Społeczny obserwator
Za niecałe dwa miesiące odbędą się kolejne wybory samorządowe. Będziemy wybierać m.in. prezydenta miasta, przedstawicieli w Radzie Warszawy, a także radnych dzielnicowych. Ci ostatni z kolei wybiorą nowy zarząd dzielnicy.

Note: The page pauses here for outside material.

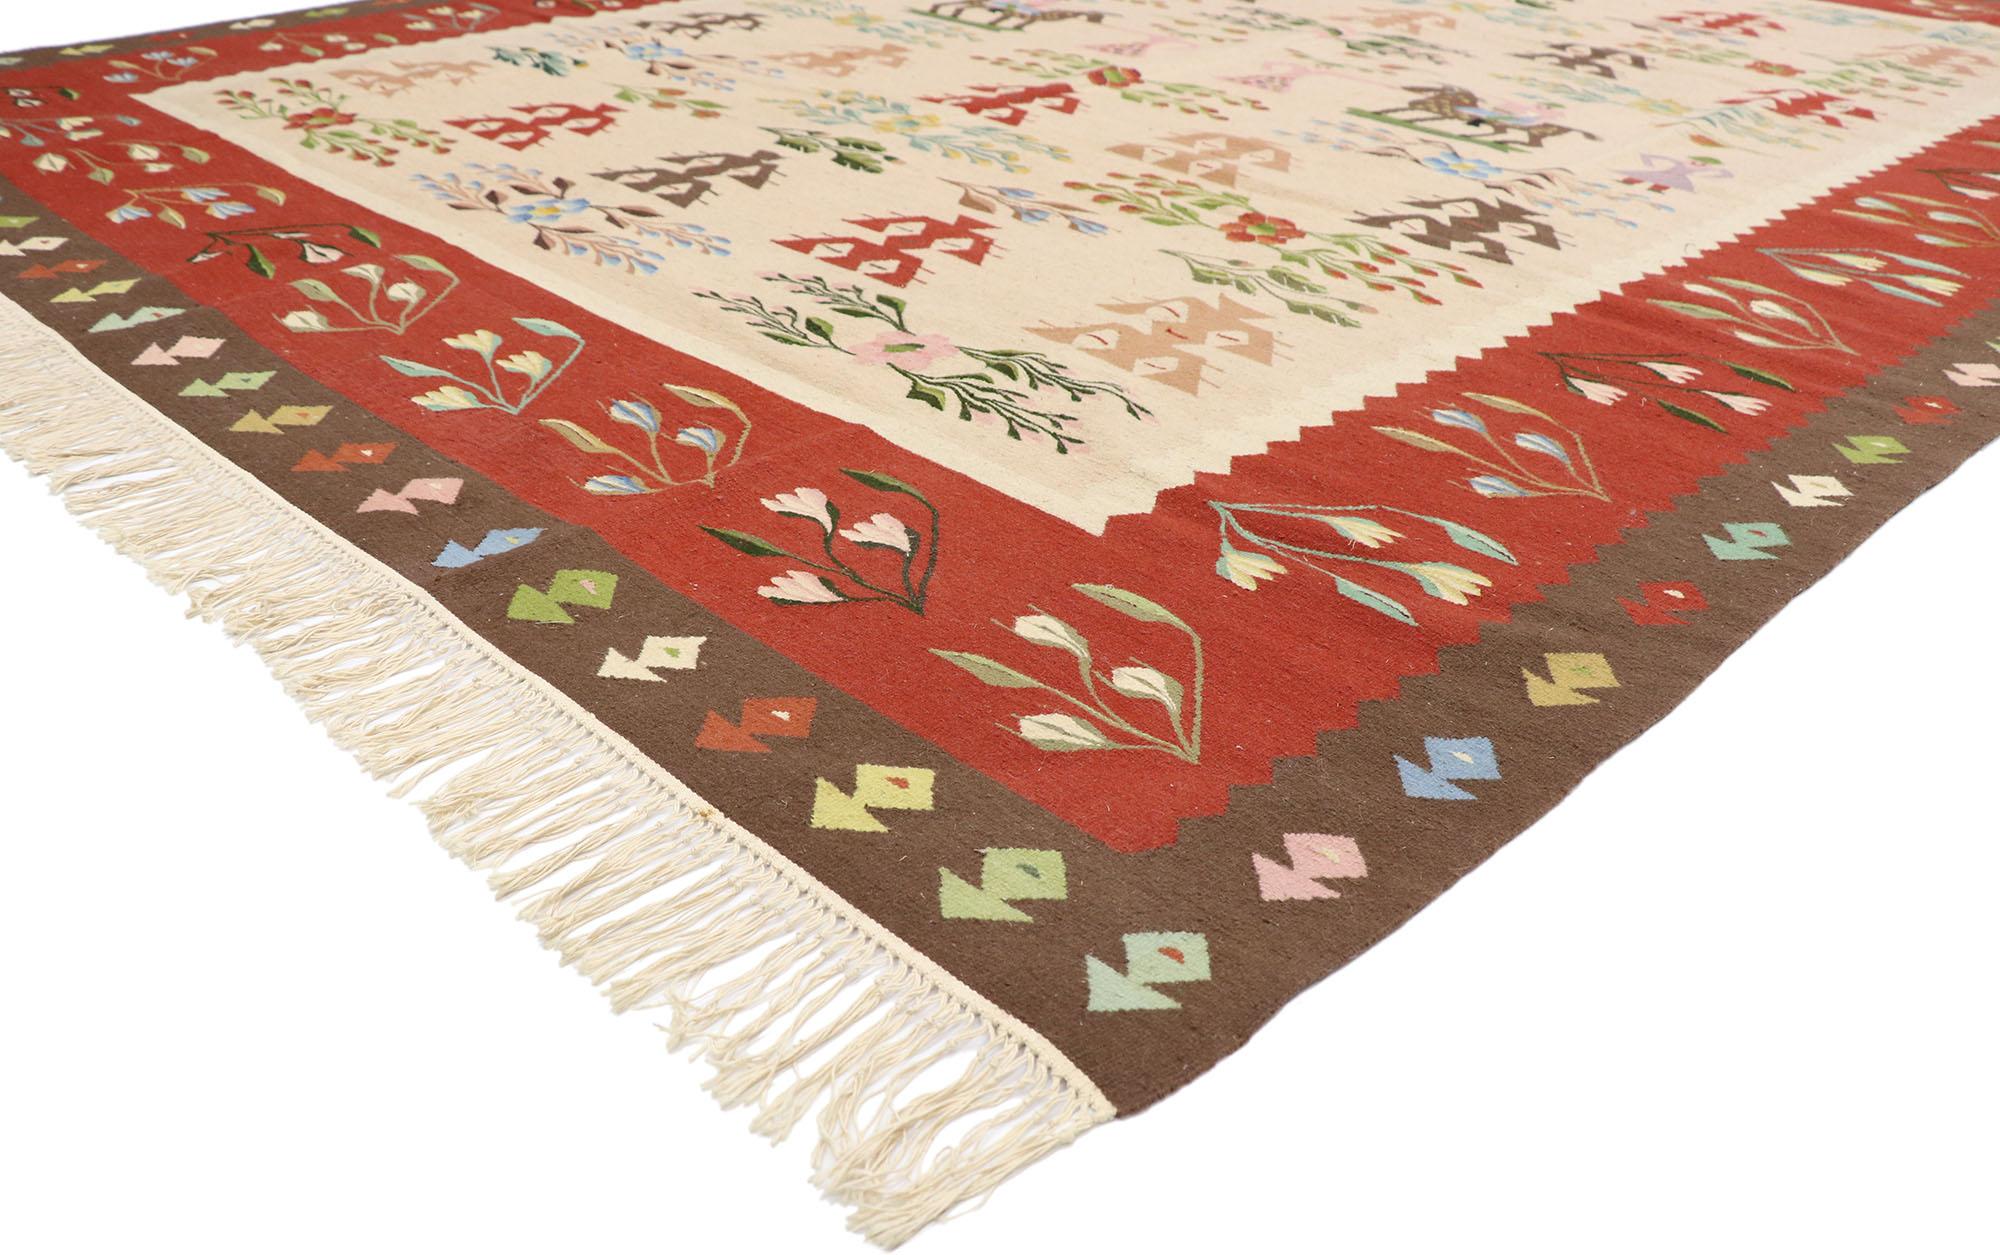 77920 tapis Kilim roumain vintage avec style Folk Art 09'00 x 11'09. Plein de petits détails et d'un design expressif audacieux combiné à un style d'art populaire, ce tapis kilim roumain vintage en laine tissé à la main est une vision captivante de

Zbliżające się wybory są dla Pragi bardzo ważne z kilku powodów. Po pierwsze, nie jak do tej pory, na cztero-, ale aż na pięcioletnią kadencję wybierzemy osoby, które będą decydować o kierunkach rozwoju naszej dzielnicy. Pięć lat to wystarczający okres, aby przy odpowiedniej motywacji i samozaparciu, naprawdę zmienić oblicze naszej dzielnicy, więc warto dokonać właściwego wyboru. To od nas, głosujących, zależy, czy wybierzemy osoby pracujące na rzecz mieszkańców, czy raczej takie, które pełnienie publicznej funkcji traktować będą jako okazję do realizacji własnych, partykularnych interesów. Po drugie, dokonamy wyboru pewnej wizji Pragi. Przy urnach rozstrzygnie się, czy będzie to dzielnica, w której „nowe” (mieszkańcy, inwestycje) łączy się w zrównoważony sposób z „dotychczasowym”, czy też Praga stanie się dzielnicą, w której mieszkańcy i lokalny klimat, który tworzą, będą tylko kwiatkiem do kożucha dla osób postrzegających Pragę wyłącznie przez pryzmat zysków. Po trzecie, wybory dają szansę na zmianę dotychczasowego układu sił, który określić można jednym słowem: „trwanie”.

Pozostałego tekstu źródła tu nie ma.